You might be wondering: why do we need a real file within the filesystem if we’re not gonna return its data? Well, that’s only to make the FAT table work. If the player itself will handle an empty read as EOF or will it respect the FAT clusters, it’s a whole different story.
The implementation
Beware: crappy coding ahead! :) No, really, the code is not clean at all. Honestly I don’t care (and you shouldn’t as well), as this is just a proof-of-concept! Please do not refer to this code as any kind of guide.
The code is here:
The implementation is essentially what I said before: it’s a custom filesystem using FUSE that will intercept all reads for offsets of the file. It does this by doing the following:
- Read the
storage
file (with an offset to bypass the MBR and other disk info) as a FAT filesystem and figure out all clusters for the “needle file” (the stream one). - Convert those clusters into file offsets for the
storage
file, so that we know the exact position within the real file itself. That means that if reading cluster 1234 will give you offset 349393 in the file, I want to know that position. - Simplify these offsets to make faster to check them. For example, if we have to hijack the offsets 1000 to 2000 and 2000 to 3000, we can simply hijack 1000 to 3000 This is done for performance.
- Start the FUSE filesystem with a single file within: the
storage
one. At this point we also start listening on port3123
for data to write into a thread-safe FIFO buffer we created.
At this point the program is running and the filesystem is mounted. If you list files on it, you’ll see only the storage
file, and this is correct. If you map this into loop device using losetup
and mount it locally, you’ll see the contents of such image. Here is the tricky though:
Any read outside the monitored offsets will seek and return the original file contents. Any read within the monitored offsets will wait and return data from our buffer, which is populated by the socket. This means such read will hang until it has data. Originally I’ve designed this to return a silence file for 100ms, but this was introducing way too much lag.
So… does it work? Yes, but of course! Here’s a video (without audio because of how I recorded it and due to copyright reasons) so you can enjoy it:
Quick small details: you might have noticed I’ve mapped the loop0
with offset 1048576
. That’s the offset of the FAT filesystem in the disk image.
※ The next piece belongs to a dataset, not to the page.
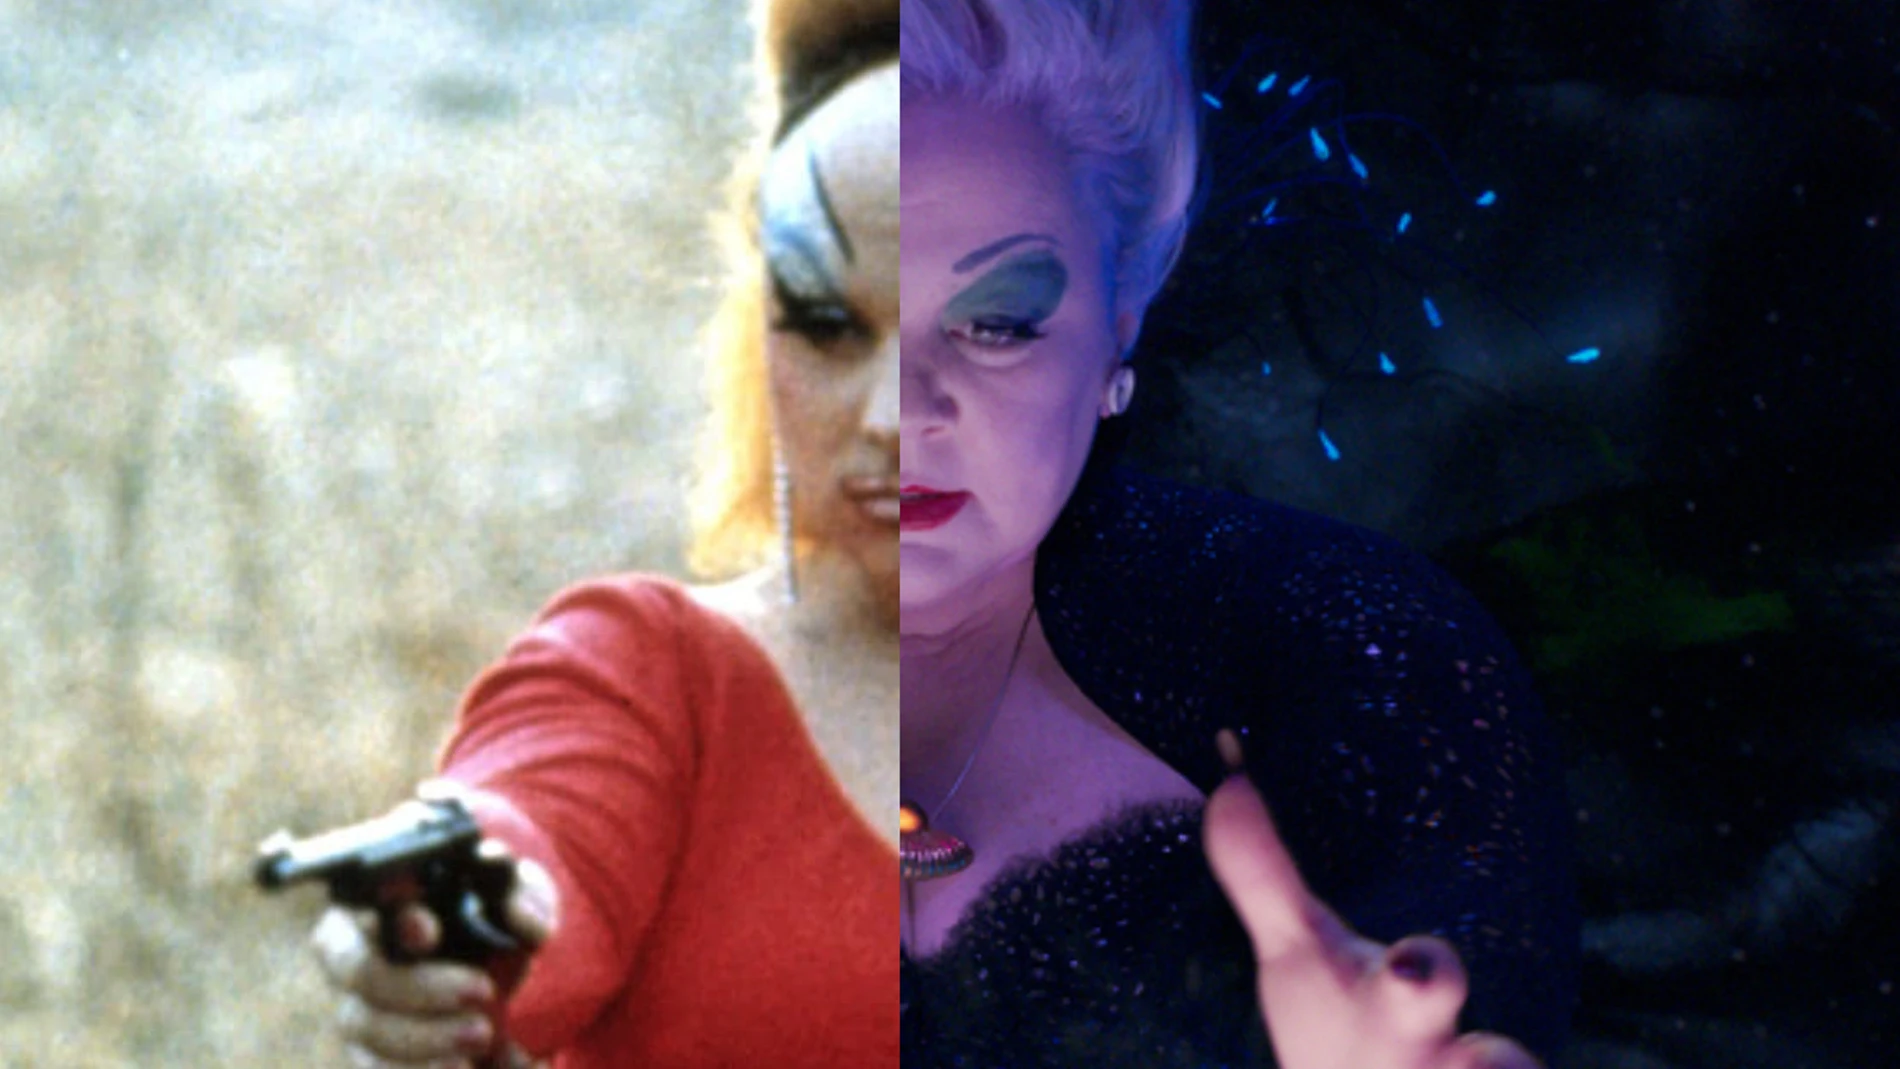 A la izda., la Drag Queen Divine, colaboradora de John Waters, a la dcha., la actriz Melissa McCarthy en "La sirenita", como Úrsula

Plus, if you look closely, you’ll see I’ve mounted the filesystem with ro,sync
: this is because 1) I don’t want to make any changes on it, and 2) I want it to do direct I/O and not cache stuff. Caching things on this project is bad.
Ok, that’s cool and everything… but how about loading it into g_mass_storage
? Does it work? Does it does the same thing when I load this thing into a Raspberry Pi Zero? Yes, it does.
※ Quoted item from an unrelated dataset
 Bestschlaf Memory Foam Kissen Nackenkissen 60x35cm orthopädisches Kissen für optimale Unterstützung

Here’s a quick demo for you:
Yep, that’s it. It works and, somehow, it works great!
Next steps
You might be wondering: but Ricardo, how about Spotify? Well, it’s not that complicated: you just need to load spotifyd
or other similar project and convert the stream into an MP3 one, so you can patch to the file. The reason why I’m using MP3s here is because it’s the only thing my hi-fi will load. Originally I was planning to use an WAV file for simplicity, but that didn’t work out. Also MP3s can be streamed by concatenating them it seems - although I think it might not be recommended.
My main next steps, in no particular order, would be:
- Find a way to make it smaller. Maybe V-USB? Maybe streaming USB data over the network, some kind of USB/IP mixed with V-USB? Who knows, but making it the size of a flash drive would be amazing.
- Performance is slow, mostly due to the RPi Zero I’m using. Even at 1GHz it sometimes outputs crappy, choppy audio. This is due to the FUSE being a bit too slow in Python. I need to fix that, but trust me, the version I published is way better than the original one!
- Detecting track navigation: if you go to the previous or next tracks, emit a signal to somewhere. This would allow triggering a track change on the stream source, such as Spotify.
But until then… enjoy some StarFM Berlin!